During her speech, Campbell recalled the biblical stories of Nehemiah, who led the first rebuilding of Jerusalem, and Esther, who, though a Persian queen through marriage, remembered her fellow Jews.
“Men ... will you be a Nehemiah and help build a wall to protect our nation?” she asked. “Women, will you be an Esther to save our people? ... We can fight for life. Are you with me?”
The “pro-life” crowd responded loudly in the affirmative, but not everyone present was happy. A group of about six counter-demonstrators appeared at the edge of Milam Park, where the rally took place, shouting pro-abortion choice chants and holding signs, one proclaiming, “Women are people too.”
Notzon observed this was the first annual Right to Life rally he knew to draw visible opposition at the site.
Allied Women’s Center Director Tere Herring said in her speech that she received calls from people criticizing her for being a single-issue person and for not caring about poor people. She countered, asserting that abortionists target the poor and that 90 percent of the people who walk through the doors of a crisis pregnancy center are poor.

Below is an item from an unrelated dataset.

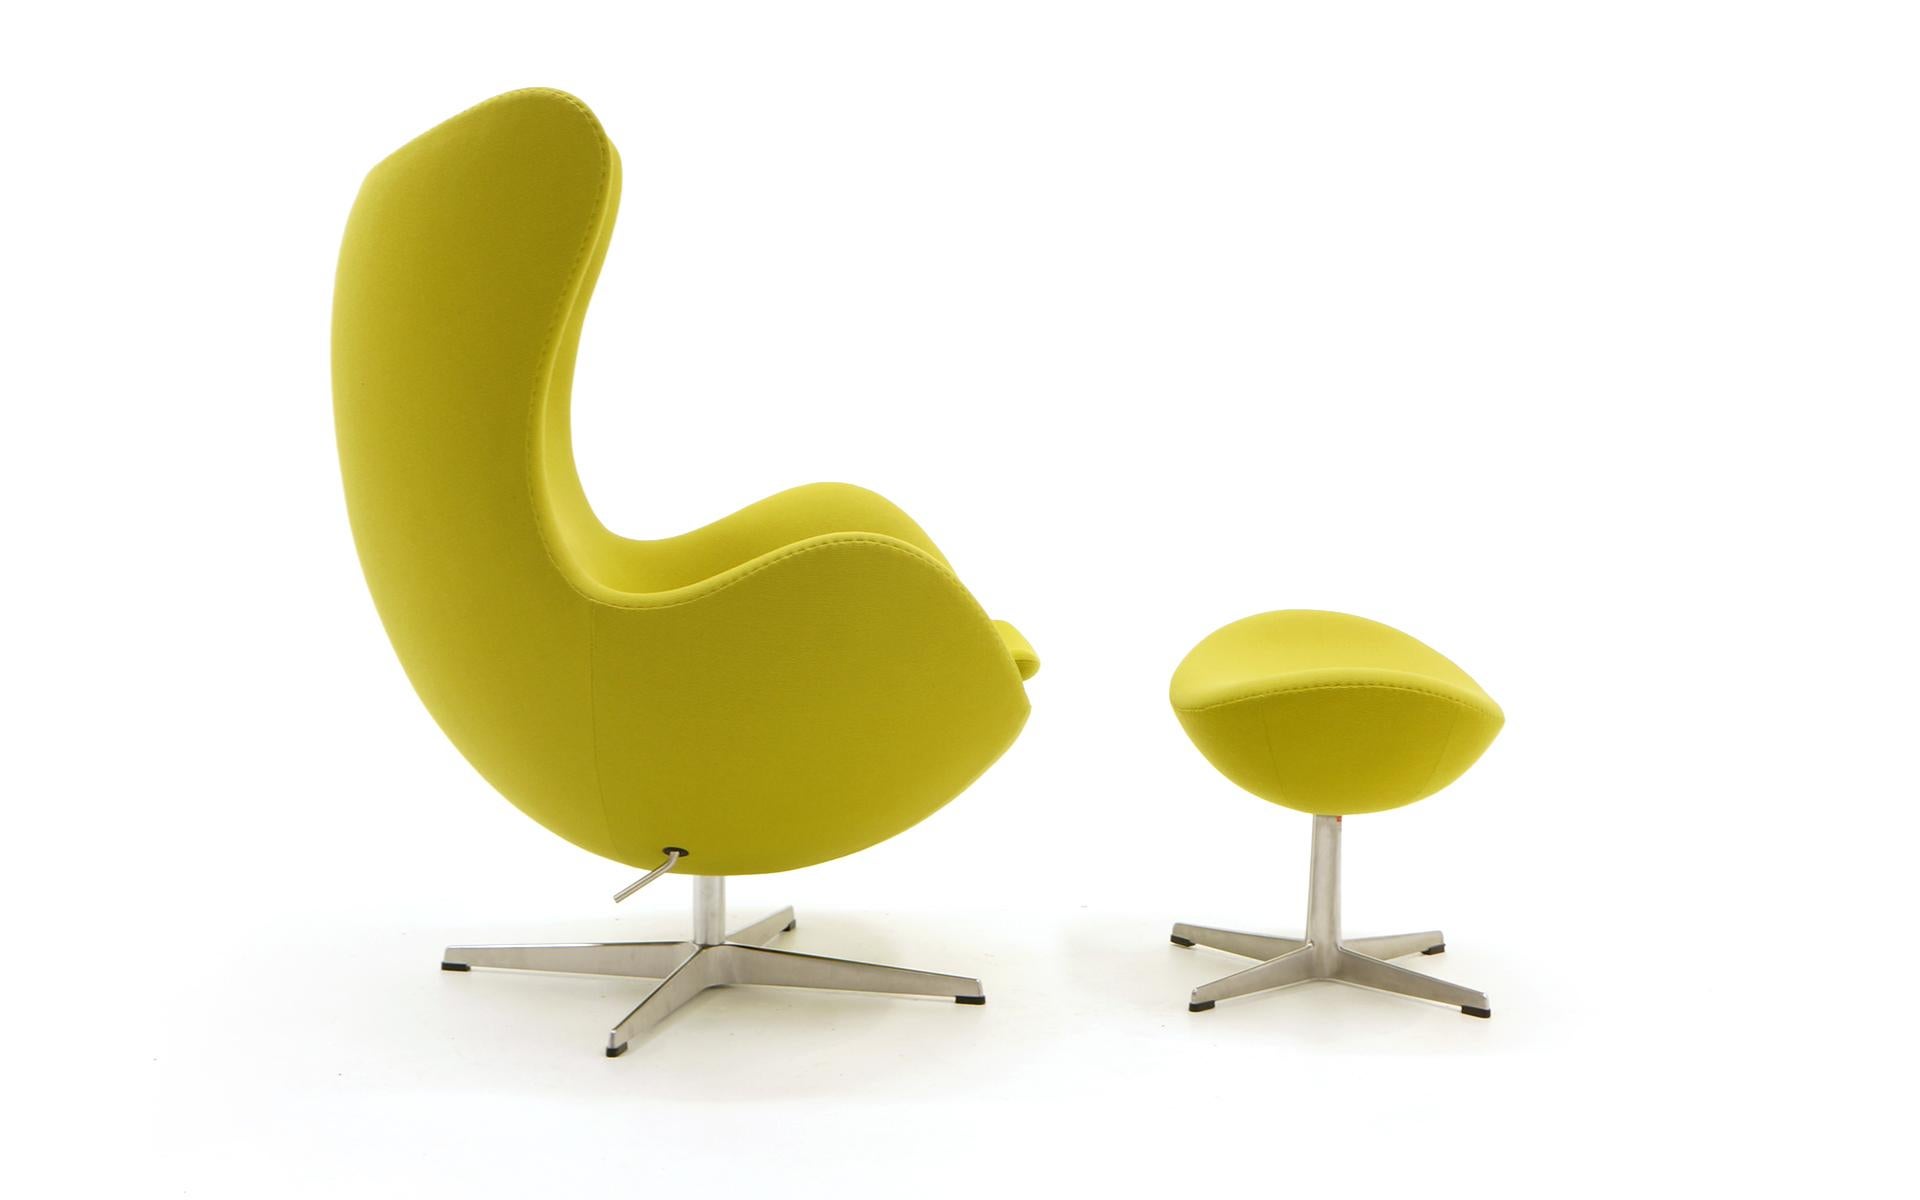 Original, authentic Arne Jacobsen Egg chair and ottoman made by Fritz Hanse, Denmark, 2008. Original chartreuse (yellow-green) fabric. The chair tilts and swivels making it very comfortable it recline.
Ottoman dimensions: 16.25 in. H x 15 in. D x

“All a crisis pregnancy center cares about is that there are human beings, and we are going to save their lives,” Herring said. “Being a single-issue person means doing everything that issue calls you to do.”
Before giving the benediction, the Rev. Larry Christian, vicar general of the Roman Catholic Archdiocese of San Antonio, carried on with Herring’s theme.
“Our nation is a nation of human rights for all humans, born and unborn,” Christian said. “We stand up and say the unborn has the same rights as every other human being.”